My point is how do you envisage technologies, like, for example, the one that Lotus was suggesting, to enable people to do that? To enable, for example, someone in Vietnam to access the sort of information. Considering that we have got this project going. We are doing it with our own means. But, of course, is somebody thinking about similar things we would be very interested in knowing about it.

K. Ryan: 

The one question or one point that I want to pick up on is you said what is happening to improve connectivity to the Vietnams of the world and whatnot? While it's outside of the Lotus domain and probably more in AT&T domain, I'm sure many of you are aware of efforts to build a global network. And I actually have a prop from earlier today that I didn't show because I rushed through my slides. But I can surf the Web from my telephone and this relatively cheap device. So while I'm not suggesting that the villagers in Vietnam would actually have something like this, what I am suggesting is that there may be a knowledge worker who has access to information and that person can then have the interaction with the local people in the village and complete the transaction through this human contact. Because I don't think it's all going to be solved through computer networks and the Internet. 

B. Allenby: 

I think connectivity is an interesting problem. I don't want to necessarily dive into the technology but part of what's happening in the evolution of the connectivity side of the industry is that there's a number of different technologies which are currently vying for position. I think it's fair to say that international connectivity is high on everybody's list. The caveat to that is the activity tends to be focused on the multinational customer, not on the local geographic customer. And that remains a significant problem.

N. Choucri: 

I have a question or a comment, I'm not quite sure which. All of you alluded-- or said explicitly-- that the business of business is to make money, profit. Agreed. But I was under the impression that this activity (of making money) is now becoming subject to new constraints. These constraints have to do with environment, with social expectations, and with notions of sustainability, etc. The constraints in the domain that of sustainability. Most businesses are visible and subject to liability laws or to regulation are becoming sensitive to the need for knowledge about this particular domain. 

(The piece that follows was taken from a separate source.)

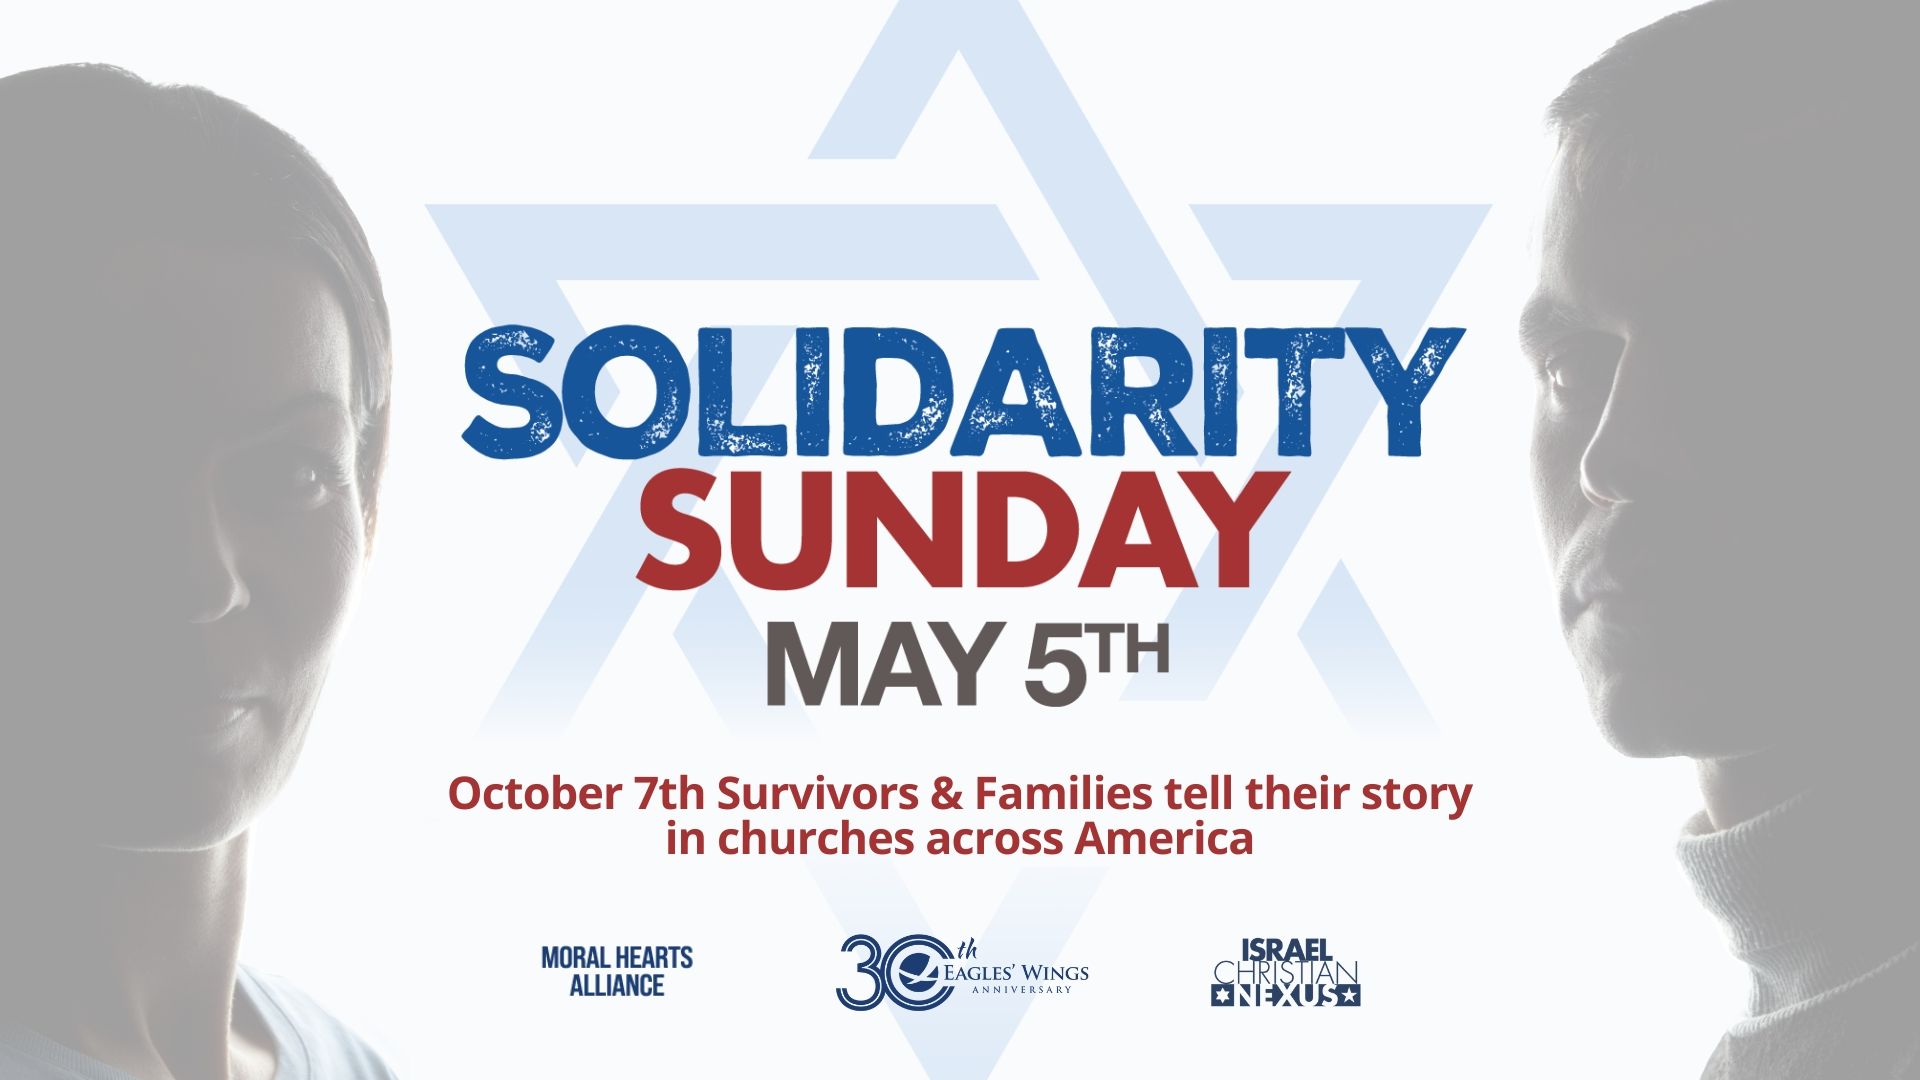 Solidarity Sunday by Eagles Wings and Moral Hearts Alliance
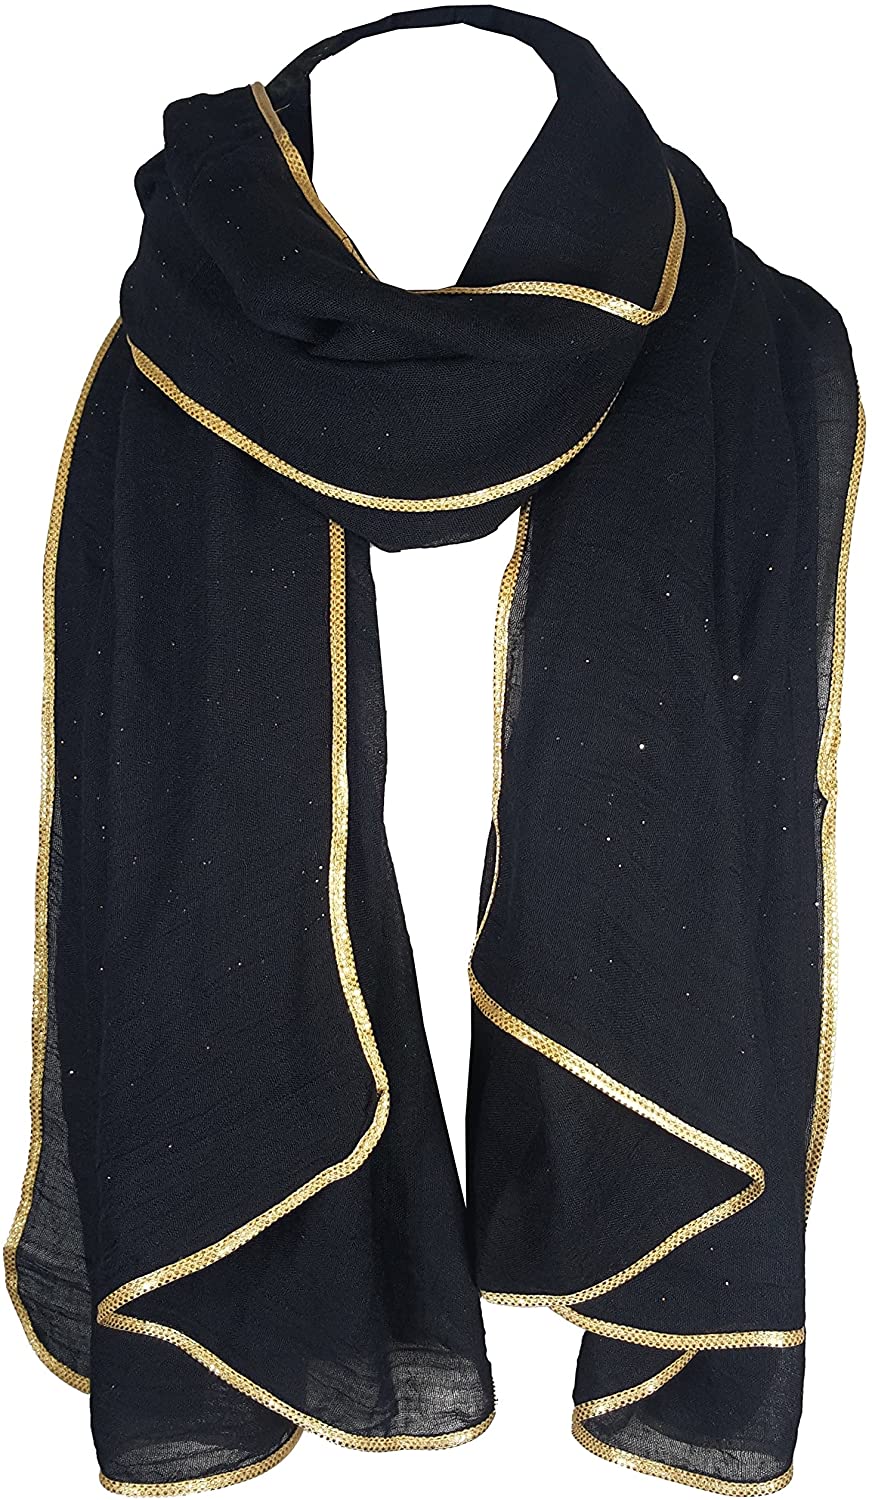 SEASONAL SPECIAL New Ladies Celebrity Style Glitter Sparkle Stardust with Gold Piping Border Scarf Scarves Maxi Wrap Wedding Party Gift - World of Scarfs

So the question is: is there any evidence to suggest that in your own three firms business-as-usual as been affected in any way by this changing context?

B. Allenby: 

Yes, I think the difference is in the terms that you used. When you do a design you have design constraints and design objectives. The problem is as long as business looks at environment and social development as a constraint on its activity, you don't engage industry in the solution of the problems. What you do is you figure out how to make a product anyway that avoids the particular constraints. When you engage business with those issues as objectives, that is to say, for example, the triple bottom line your objective is not just economic but environmental and social, then you begin to engage industry along a whole new dimension. That process is extremely nascent right now. But I think that's the power of the triple bottom line kind of approach that, for example, the world business council on sustainable development is taking. And I think I would be surprised if any forward looking company weren't trying to deal with that in some way or another. I would also make the general assertion that I don't know any of them that are doing a particularly good job yet, partially because it's incredibly complex.

G.L. Schedt: 

I agree. I think also talking about Sony, we have now the combination from a hardware company and software company, we have Sony Entertainment, Sony Music and talking about sustainable development in this combination a complete new dimension. And the question now is how to translate the contents from the GSSD in a business language. I showed the context also in Tokyo just to bring a dozen of you. It's nice but how I can use it. The question is only how to translate this so business can use it. 

A. Rahman: 

I just wanted to make a comment more than a question, and that is to take your information knowledge paradigm both ways. This is “backwards” when we start with the data, we move “forward” from data to information, and from information to knowledge. I think you have a stop there. The real driving force is wisdom.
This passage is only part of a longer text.